While UWB’s higher power usage isn’t good news for smart locks, which already struggle with battery life, the use cases for UWB in the smart home are exciting. I’d expect to see Apple do more with its U1 chip, which also made its way into the HomePod Mini and second-generation HomePod.

In 2021, Apple added a feature to transfer music from your iPhone to a HomePod that uses the U1 chip in both devices.
Image: Apple

Before this new auto-unlock feature for homes, Apple used UWB for things like transferring music, finding an AirTag, and unlocking your car. But there is potential for advanced smart home automations. With such precise location data, a HomePod can turn on bedroom lights when you walk from the living room to the bedroom, and then turn them on in the living room when you walk in the other direction. That would be really cool.

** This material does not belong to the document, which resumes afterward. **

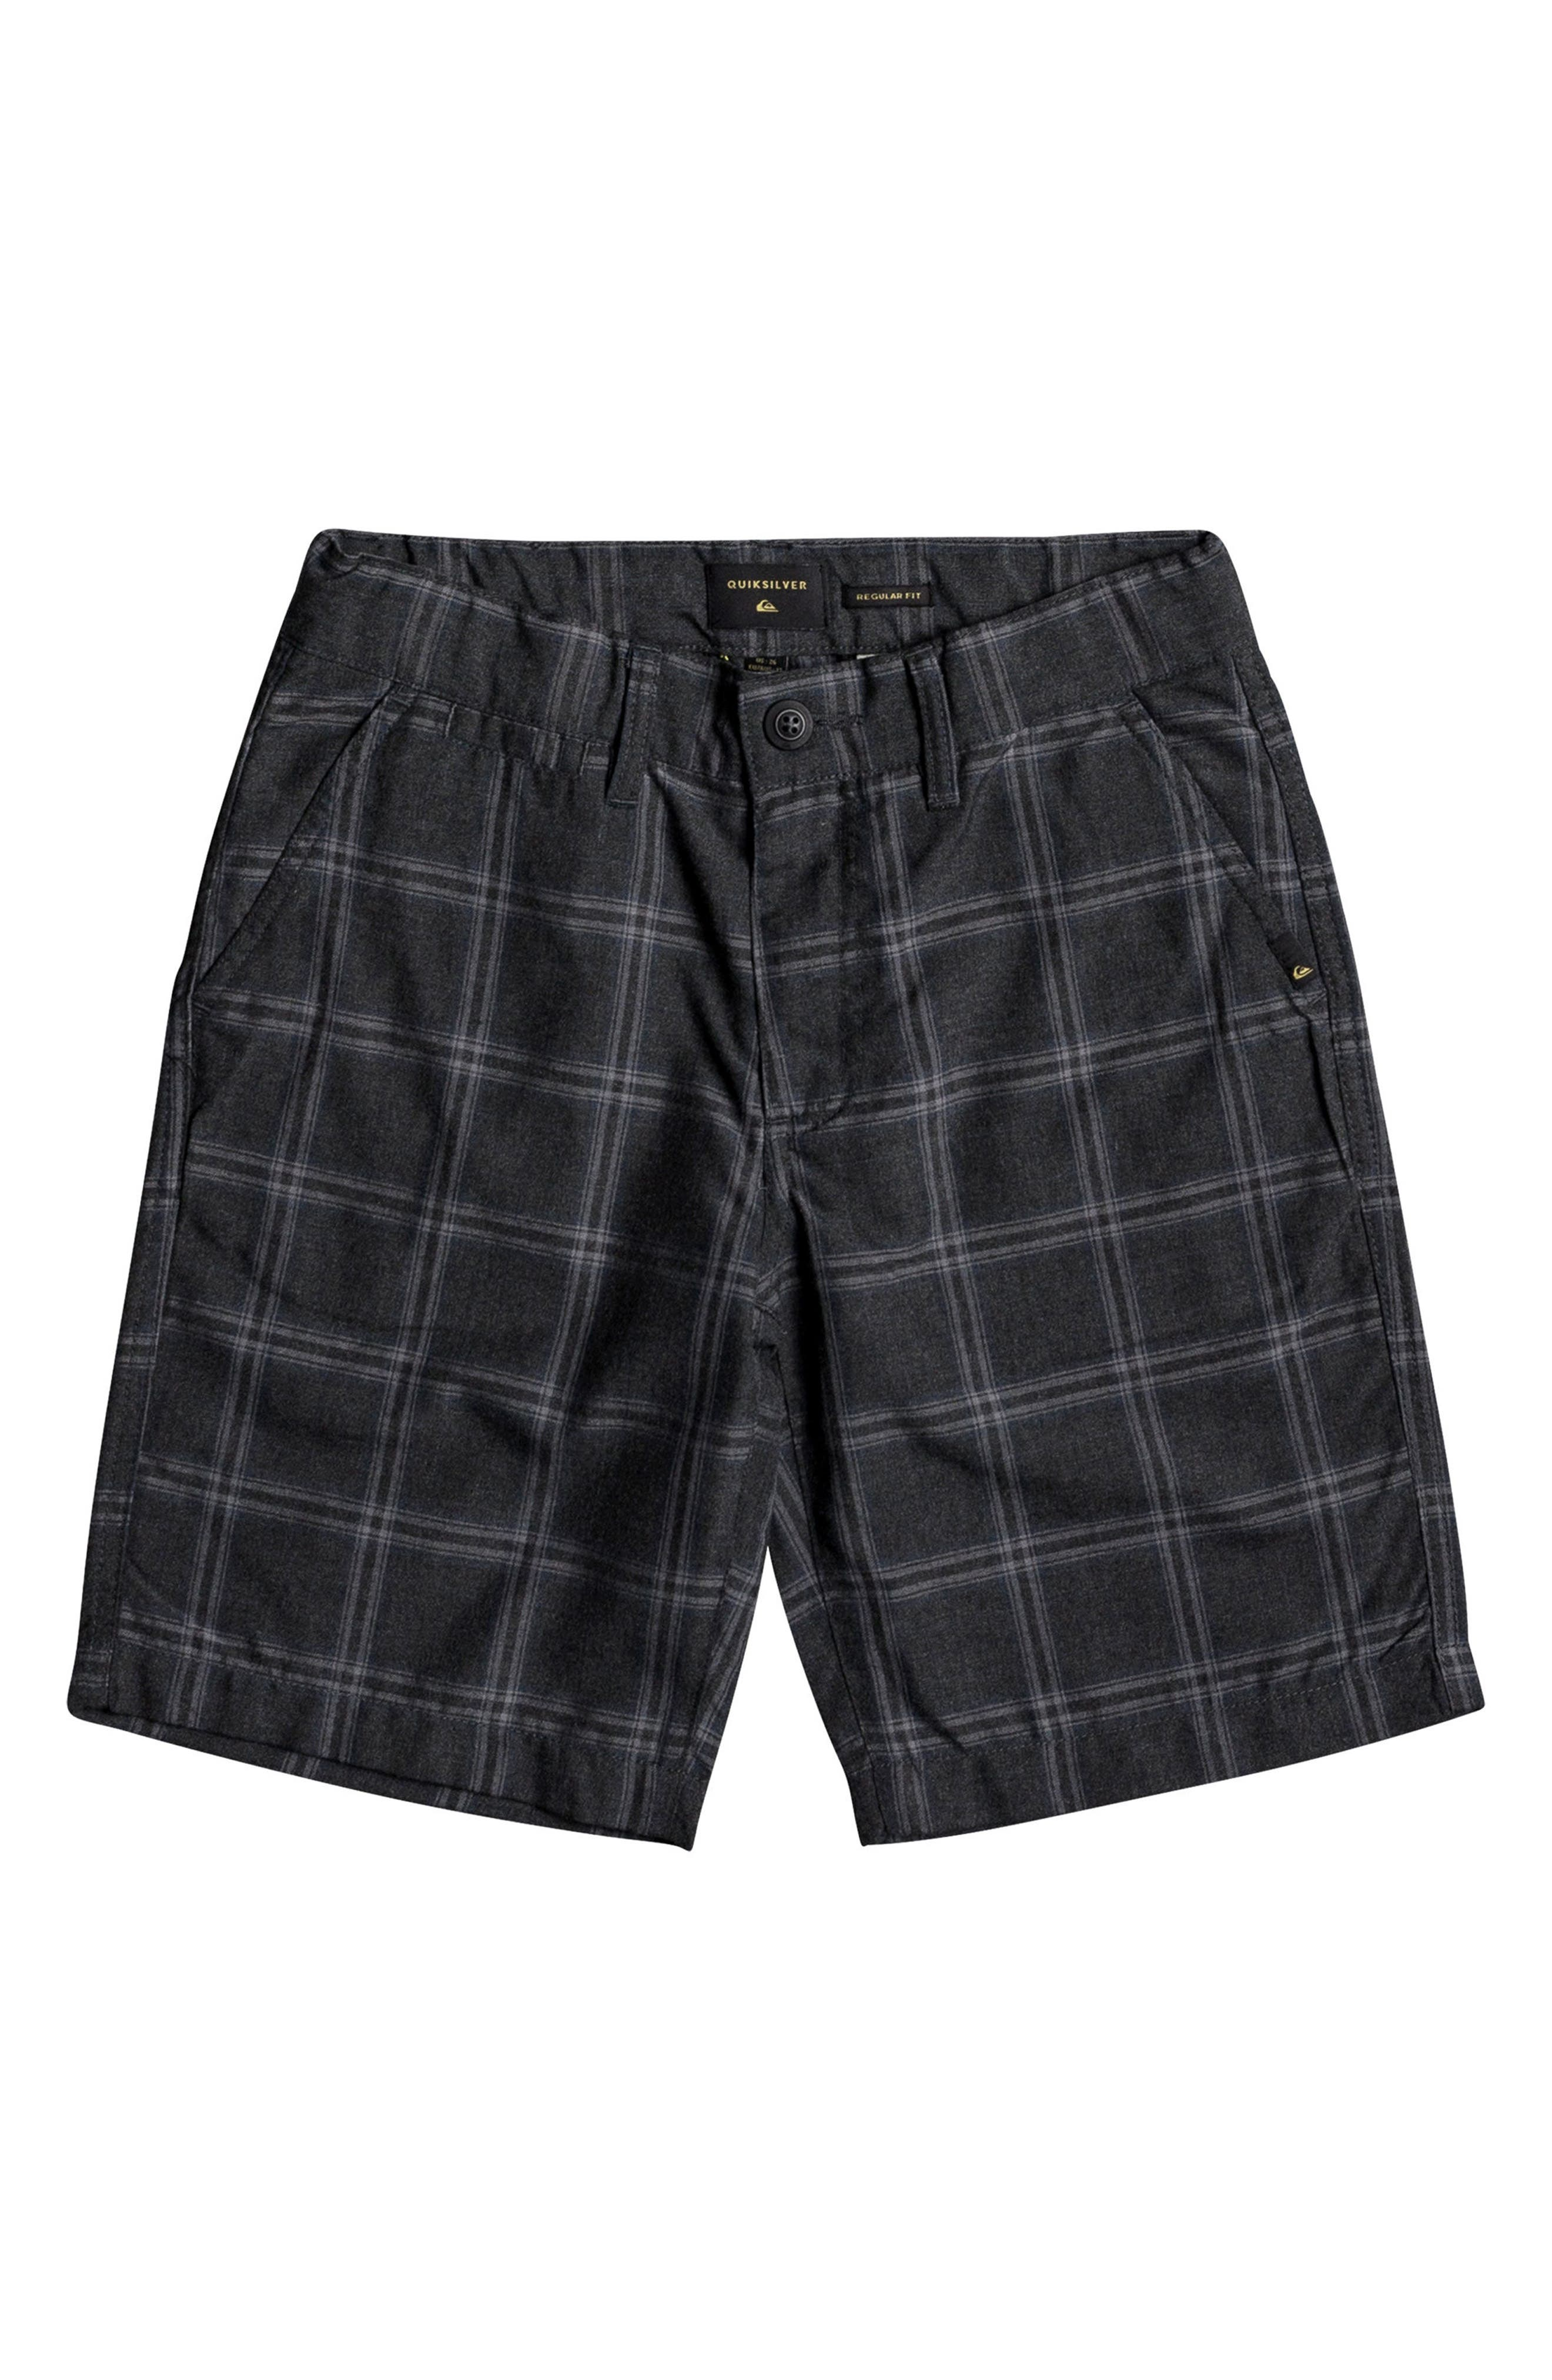 Alternate Image 1 Selected - Quiksilver Regeneration Shorts (Big Boys)

Hands-free unlocking for smart home locks will likely extend beyond Apple Home. Aliro, a universal standard for smart locks that Apple is helping to develop, plans to include UWB, along with BLE and NFC (which Apple uses for its Home Key tap-to-unlock technology), in its first specification.

We could very well see hands-free unlocking come to more smart home platforms

While Aliro is in its early stages, considering most high-end Android phones also support UWB, we could very well see this hands-free unlocking feature coming to more smart home platforms if the smart lock industry finally adopts it. Unlike Apple’s Home Key feature, hands-free unlocking with UWB will not require specific HomeKit certification; If the lock is Matter certified and has the necessary hardware, it will work with Apple Home hands-free unlocking.

So while it looks like we’ll have to wait a while for this better, faster auto-unlock feature – and invest in new hardware – there are promising signs here. The very fragmented smart home industry is starting to coalesce around exciting new technologies that have the potential to make our homes significantly smarter.